The distance of each fitted value \(\hat{y}_i\) from the no regression line \(\bar{y}\) is \(\hat{y}_i - \bar{y}\). If you determine this distance for each data point, square each distance, and add up all of the squared distances, you get:
\[\sum_{i=1}^{n}(\hat{y}_i-\bar{y})^2 =36464\]
Called the "regression sum of squares," it quantifies how far the estimated regression line is from the no relationship line.
The distance of each observed value y_{i} from the estimated regression line \(\hat{y}_i\) is \(y_i-\hat{y}_i\). If you determine this distance for each data point, square each distance, and add up all of the squared distances, you get:
\[\sum_{i=1}^{n}(y_i-\hat{y}_i)^2 =17173\]
Called the "error sum of squares," as you know, it quantifies how much the data points vary around the estimated regression line.
In short, we have illustrated that the total variation in observed mortality y (53637) is the sum of two parts — variation "due to" latitude (36464) and variation just due to random error (17173). (We are careful to put "due to" in quotes in order to emphasize that a change in latitude does not necessarily cause the change in mortality.

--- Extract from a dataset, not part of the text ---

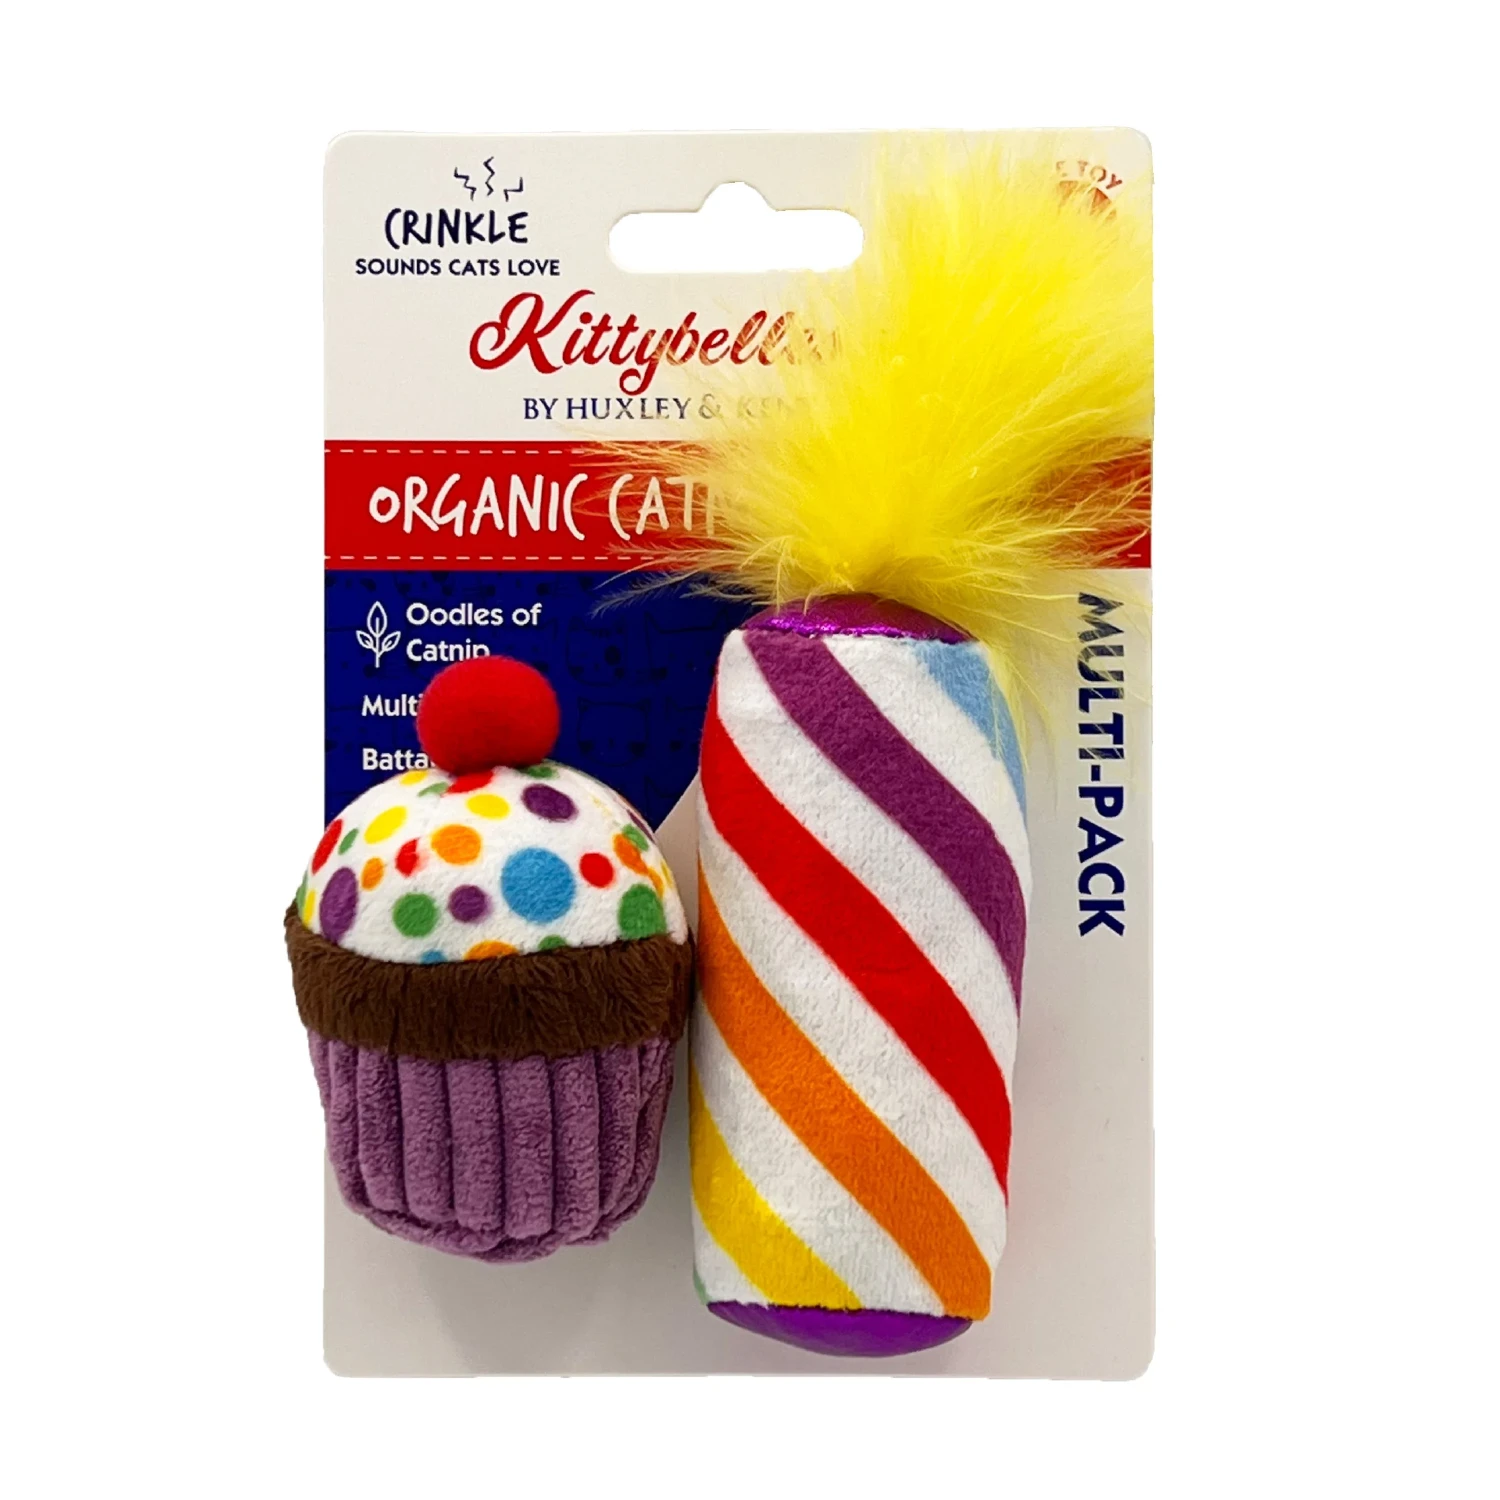 Kittybelles Celebration Bundle Plush Cat Toy - Me-Wow Cupcake & Candle
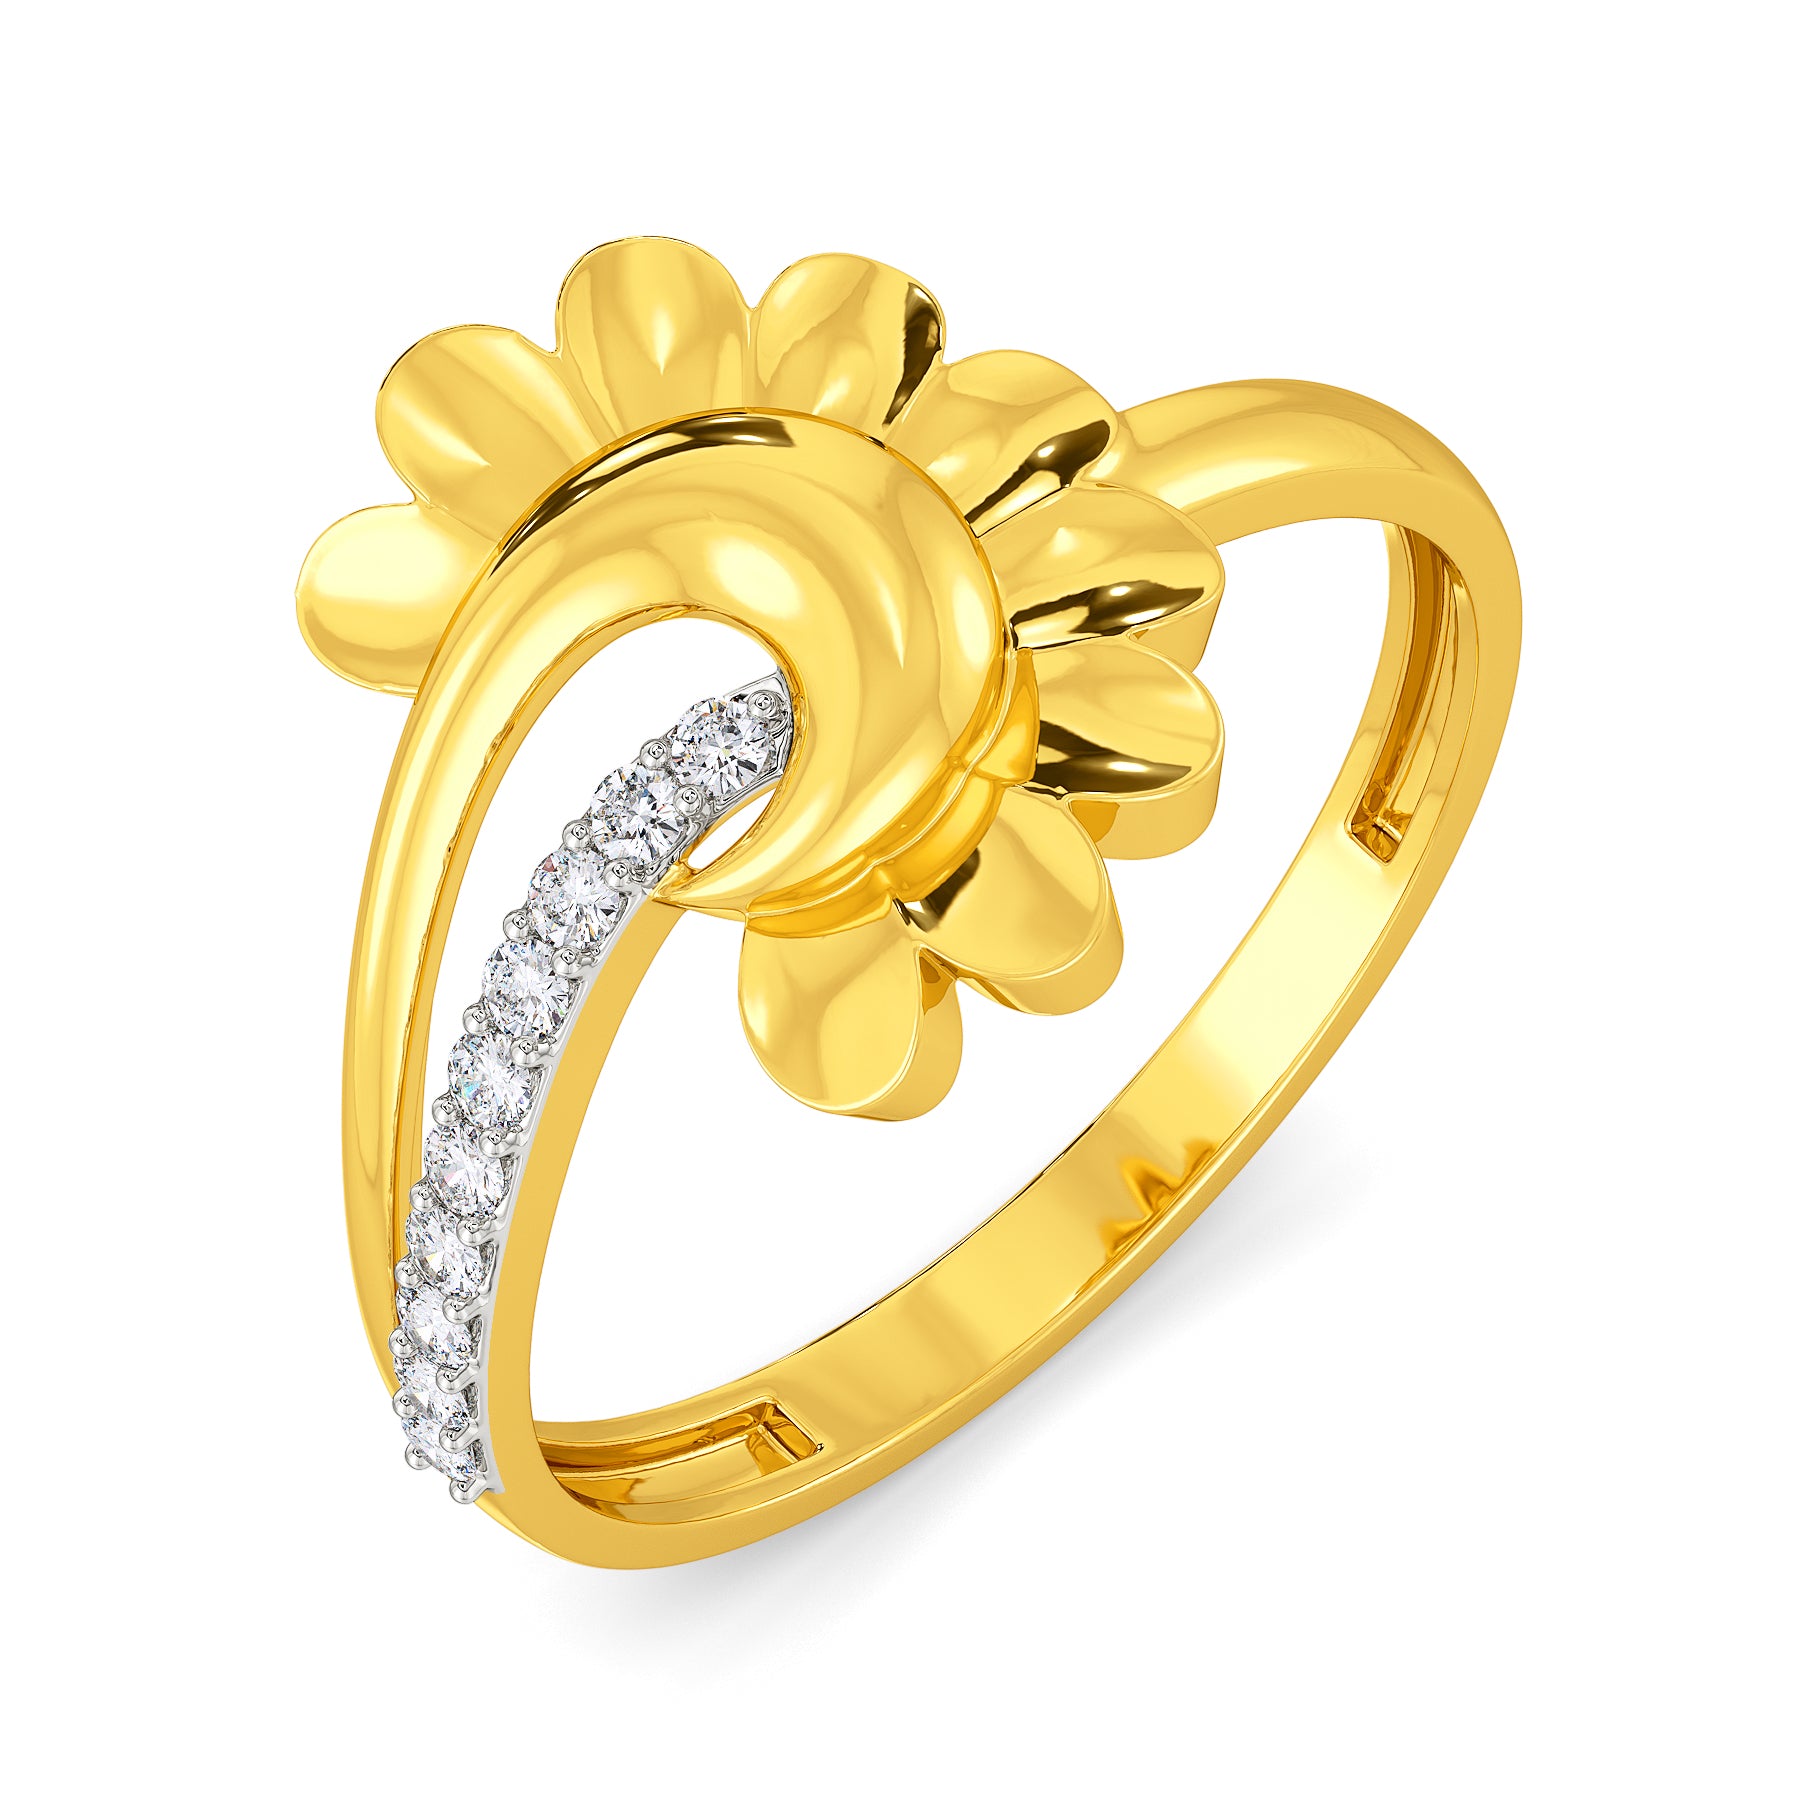 Braas Golden New Model Latest Design Finger Ring Women and Girls at best  price in Mumbai

All we could conclude is that latitude is "associated with" mortality.)
Example 2
Now, let's do a similar analysis to investigate the research question, "Is there a (linear) relationship between height and grade point average?" (heightgpa.txt)
Review the following scatterplot and estimated regression line. What does the plot suggest is the answer to the research question? In this case, it appears as if there is almost no relationship whatsoever. The estimated slope is almost 0.
Again, we can answer the research question using the P-value of the t-test for:
- testing the null hypothesis H_{0}: β_{1} = 0
- against the alternative hypothesis H_{A}: β_{1} ≠ 0.
As the statistical software output below suggests, the P-value of the t-test for "height" is 0.761. There is not enough statistical evidence to conclude that the slope is not 0. We conclude that there is no linear relationship between height and grade point average.
The software output also shows the analysis of variable table for this data set. Again, the P-value associated with the analysis of variance F-test, 0.761, appears to be the same as the P-value, 0.761, for the t-test for the slope. The F-test similarly tells us that there is insufficient statistical evidence to conclude that there is a linear relationship between height and grade point average.
The scatter plot of grade point average and height appears below, now adorned with the three labels:
- y_{i} denotes the observed grade point average for student i
- \(\hat{y}_i\) is the estimated regression line (solid line) and therefore denotes the estimated grade point average for the height of student i
- \(\bar{y}\) represents the "no relationship" line (dashed line) between height and grade point average. It is simply the average grade point average of the sample.
For this data set, note that the estimated regression line and the "no relationship" line are very close together. Let's see how the sums of squares summarize this point.
\(\sum_{i=1}^{n}(\hat{y}_i-\bar{y})^2 =0.0276\) \(\sum_{i=1}^{n}(y_i-\hat{y}_i)^2 =9.7055\) \(\sum_{i=1}^{n}(y_i-\bar{y})^2 =9.7331\) |
- The "total sum of squares," which again quantifies how much the observed grade point averages vary if you don't take into account height, is \(\sum_{i=1}^{n}(y_i-\bar{y})^2 =9.7331\).
- The "regression sum of squares," which again quantifies how far the estimated regression line is from the no relationship line, is \(\sum_{i=1}^{n}(\hat{y}_i-\bar{y})^2 =0.0276\).
- The "error sum of squares," which again quantifies how much the data points vary around the estimated regression line, is \(\sum_{i=1}^{n}(y_i-\hat{y}_i)^2 =9.7055\).
In short, we have illustrated that the total variation in the observed grade point averages y (9.7331) is the sum of two parts — variation "due to" height (0.0276) and variation due to random error (9.7055). Unlike the last example, most of the variation in the observed grade point averages is just due to random error. It appears as if very little of the variation can be attributed to the predictor height.